Re: fusion pass vs module pass

The current setup of the gpu.launch to gpu.launch_func conversion creates a gpu.module that is inserted just after the function the gpu.launch is in. This makes it a module pass, and this behavior is only relevant for the CUDA/NVVM side of things. For IREE, we are only interested in the device side for now. So we can make this a function pass if we can control where the gpu.module is inserted. See this dependent PR in IREE that uses this change and makes the conversion of gpu.launch to gpu.func as a function pass.

mravishankar marked an inline comment as done.Mar 2 2020, 1:35 PM
mravishankar added inline comments.
mlir/lib/Dialect/GPU/Transforms/KernelOutlining.cpp
141

@mehdi_amini : Update on the function pass vs module pass. You were right that the outlining can only be a module pass since the gpu.module also has a symbol so it needs to be added to a module (or an op with symbol table). So I was wrong about that. I update the PR shown above to be module pass as well, but FYI there was no assert when i did it as a function pass.

Just filling in some details about discussion offline. It is true that the sinking could be done as a prepass. If so then it is a separate "pre-processing" pass. It is unclear if sinking can be expressed as a pattern.

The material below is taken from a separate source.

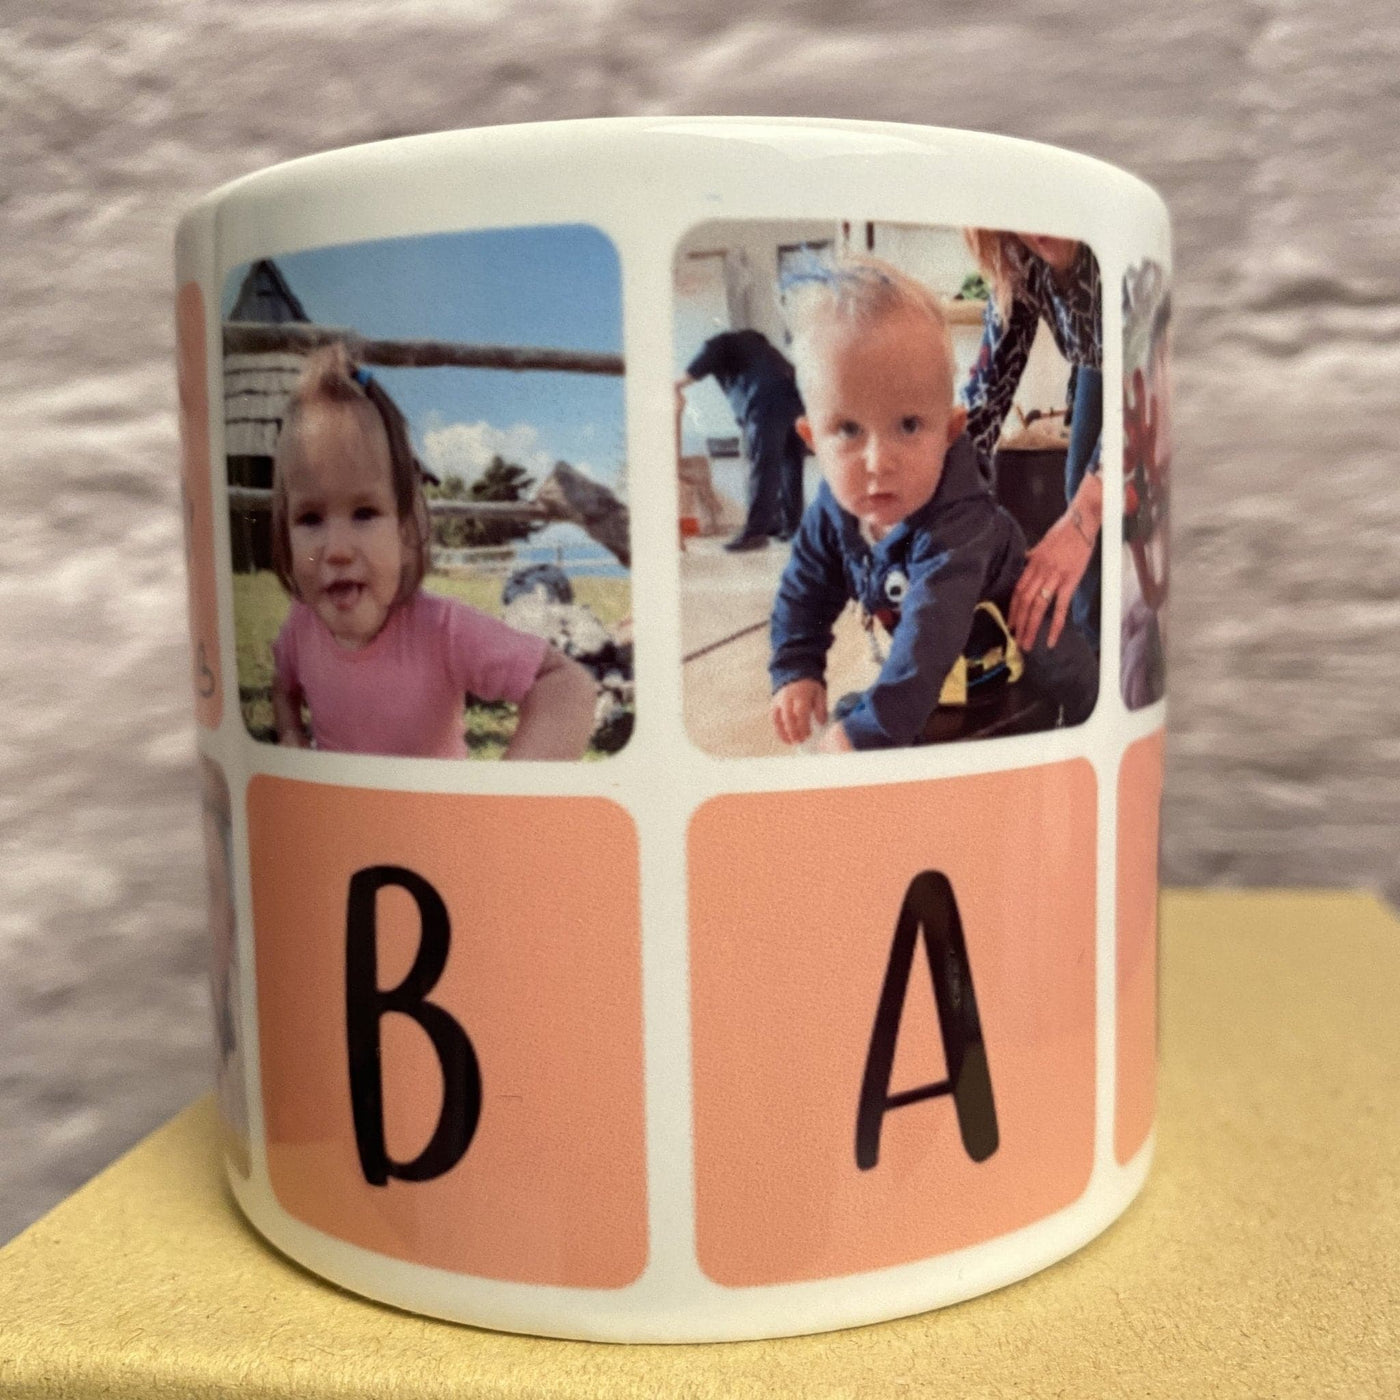 Mala (170ml) keramična skodelica z fotografijami in napisom - BIBA.si spletna trgovina

mehdi_amini added inline comments.Mar 2 2020, 8:13 PM
mlir/lib/Dialect/GPU/Transforms/KernelOutlining.cpp
141

(typed the following this morning before you last comment, but didn't click send)

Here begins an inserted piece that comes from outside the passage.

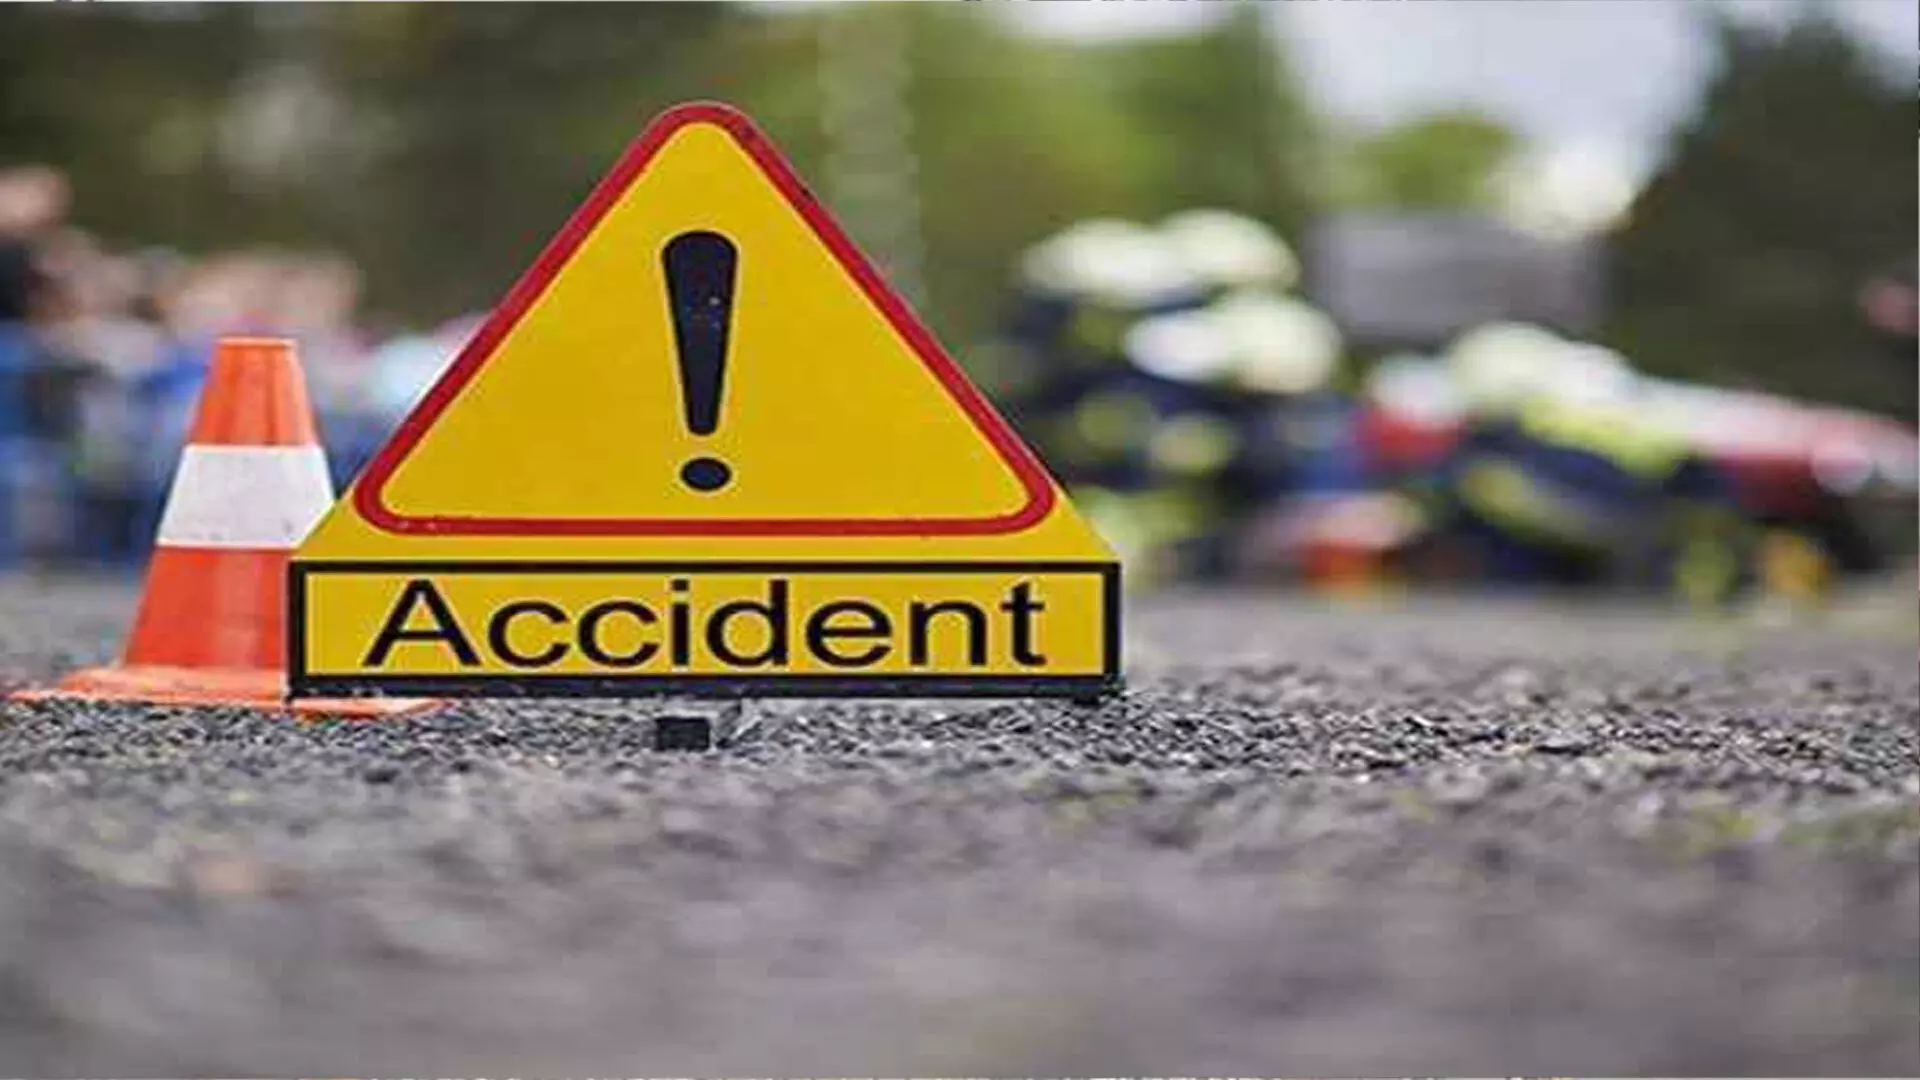 Rohru में कार दुर्घटना में 2 की मौत, 3 घायल
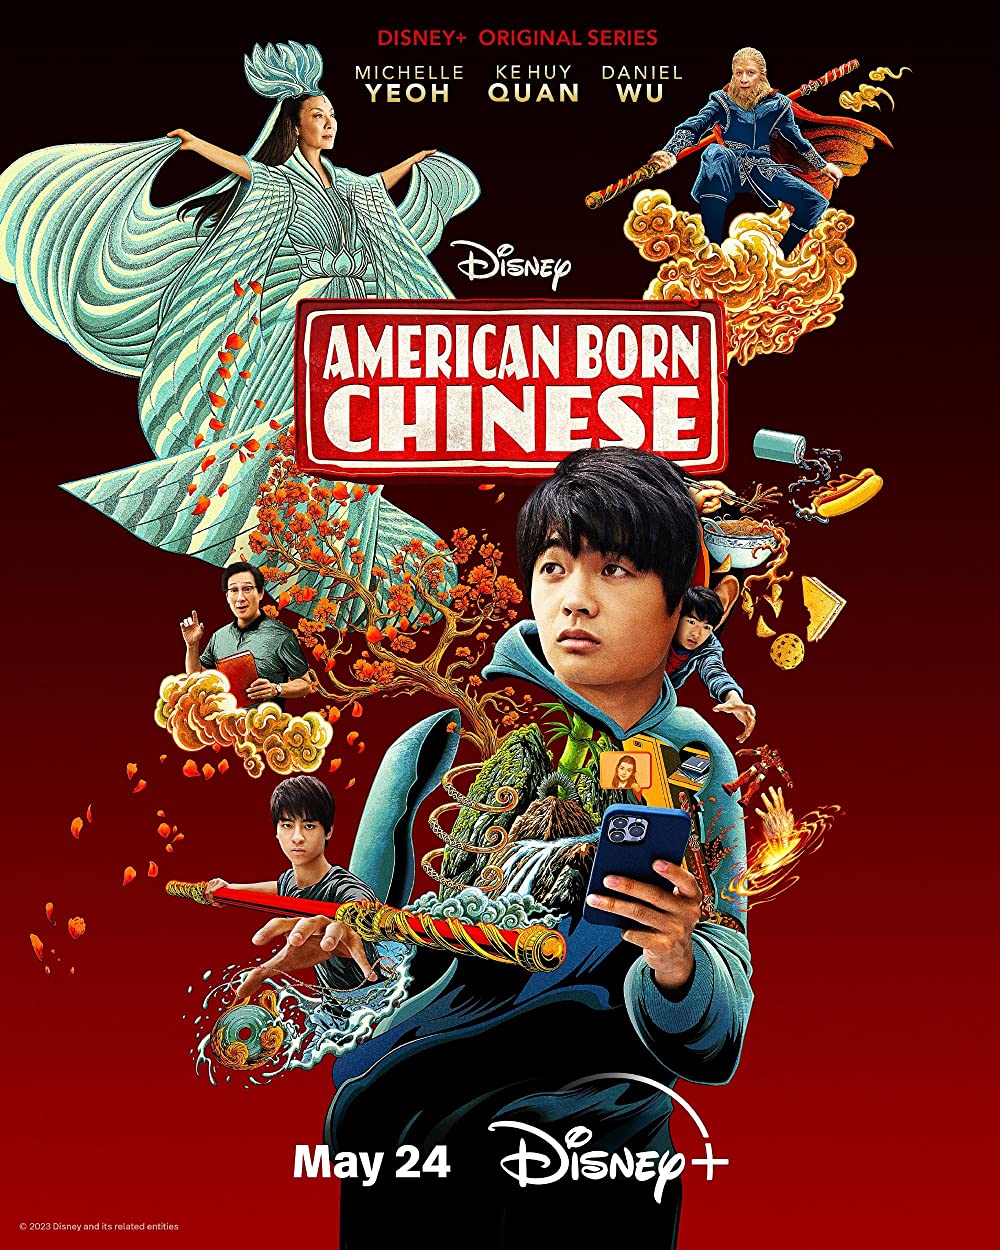 【ABC大话西游/American Born Chinese】[第一季][中英双字]更新第4集

The Dialect conversion framework is designed to go from A -> B -> C.

Yes, but if you just say this, you can shoehorn anything in there: you could use this mental model to go from Swift SIL to X86 assembly in a single "legalize()" call, I don't think this is a good use of the framework.
We should use the lowering framework where it makes sense and where it is *the* way to solve a problem. If your problem fits into the pass pipeline, then why not start there? This is the most natural way of thinking about chain of transformations.

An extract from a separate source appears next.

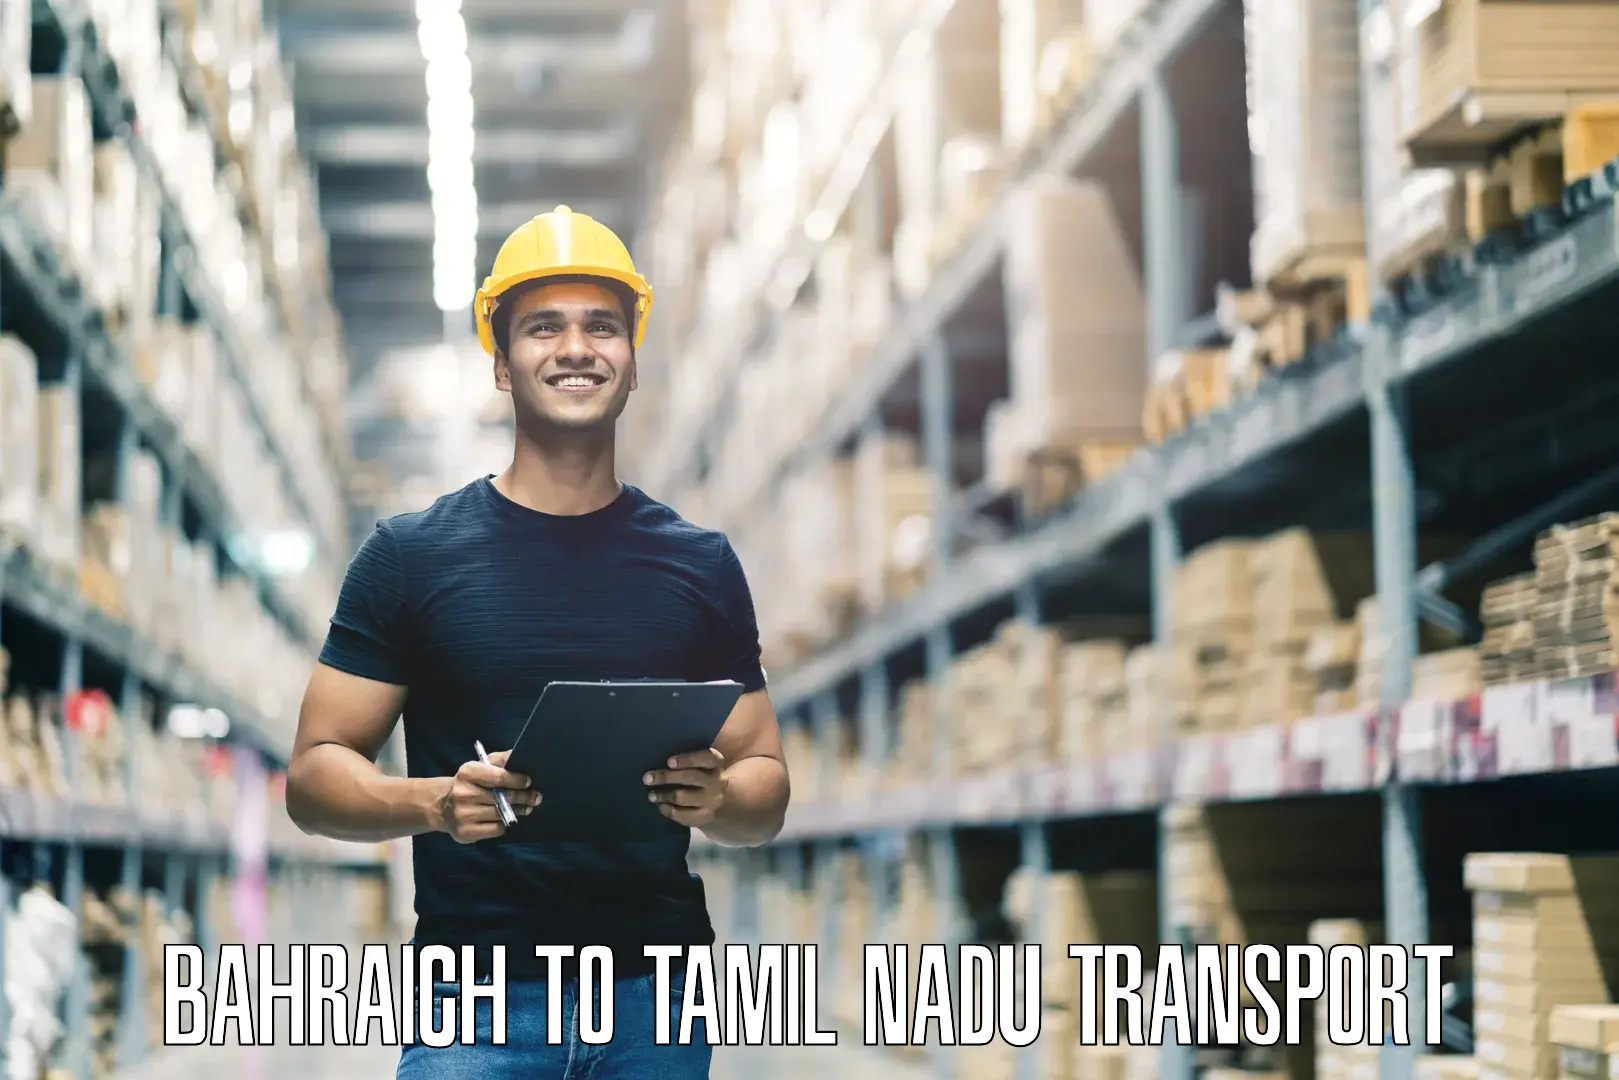 Road transport services Bahraich to Chennai

the ability to the entire conversion being done using the dialect conversion framework (which is what it is built for).

I disagree that this is what it is built for. I think this is a misconception of what the framework is intended to solve.
If you can express a pass pipeline where you want to do A->C as a logical sequence of A->B and then B->C, where B is an "interesting level of abstraction", I believe this should be separate passes.

If we take for example the HLO -> SPIR-V pipeline, we can likely identify logical stages like HLO->Loops, Loops->GPU Kernel, and GPU Kernel -> SPIRV. These stages are fully disjoint as far as I can tell, and there is no immediate benefit to combine them in a single lowering. On the opposite: if these stages are well separated, this provides the opportunity for passes to run on each intermediate level of abstraction (including some generic things like canonicalization or CSE), and it allows also more reusable blocks (Loops->GPU Kernel can be reused even when you don't come from HLO). It also forces testing at every level and help compiler engineers keeping a mental model where we can reason about this stages and how they compose independently.

Updating patch to separate the sinking of instructions into launch op
as a separate function.

mravishankar marked an inline comment as done.Mar 3 2020, 2:05 AM
mravishankar added inline comments.
mlir/lib/Dialect/GPU/Transforms/KernelOutlining.cpp
141

Thanks @mehdi_amini for that overview. I think what you say makes sense and is a good thumb rule to use (probably good to add it somewhere in rationale)

Going back to the change at hand. I modified the patch to expose the "sinking" transformation as a separate utility function exposed by the GPU dialect. PTAL, but to me this seems more complex. If this is along the lines of what is the recommendation here, I can work with it for my use case.

mehdi_amini added inline comments.Mar 3 2020, 9:39 PM
mlir/lib/Dialect/GPU/Transforms/KernelOutlining.cpp
236

Note: this is still not decoupled from this pass right now (i.e. not tested in isolation, etc.): we still have "outlining" and "sinking" part of the same pass, can't they be separated?

ftynse accepted this revision.Mar 4 2020, 4:33 AM

I don't have further objections other than a bunch of nits. This patch intends to expose _functions_ and can land as is. Refactoring those functions into separate (test) passes is okay for a follow-up IMO.

mlir/include/mlir/Dialect/GPU/Passes.h
21

struct, otherwise you'll break windows builds

53

Bikeshed nit: sinkOperationsIntoLaunchOp. "Intructions" aren't a thing in MLIR.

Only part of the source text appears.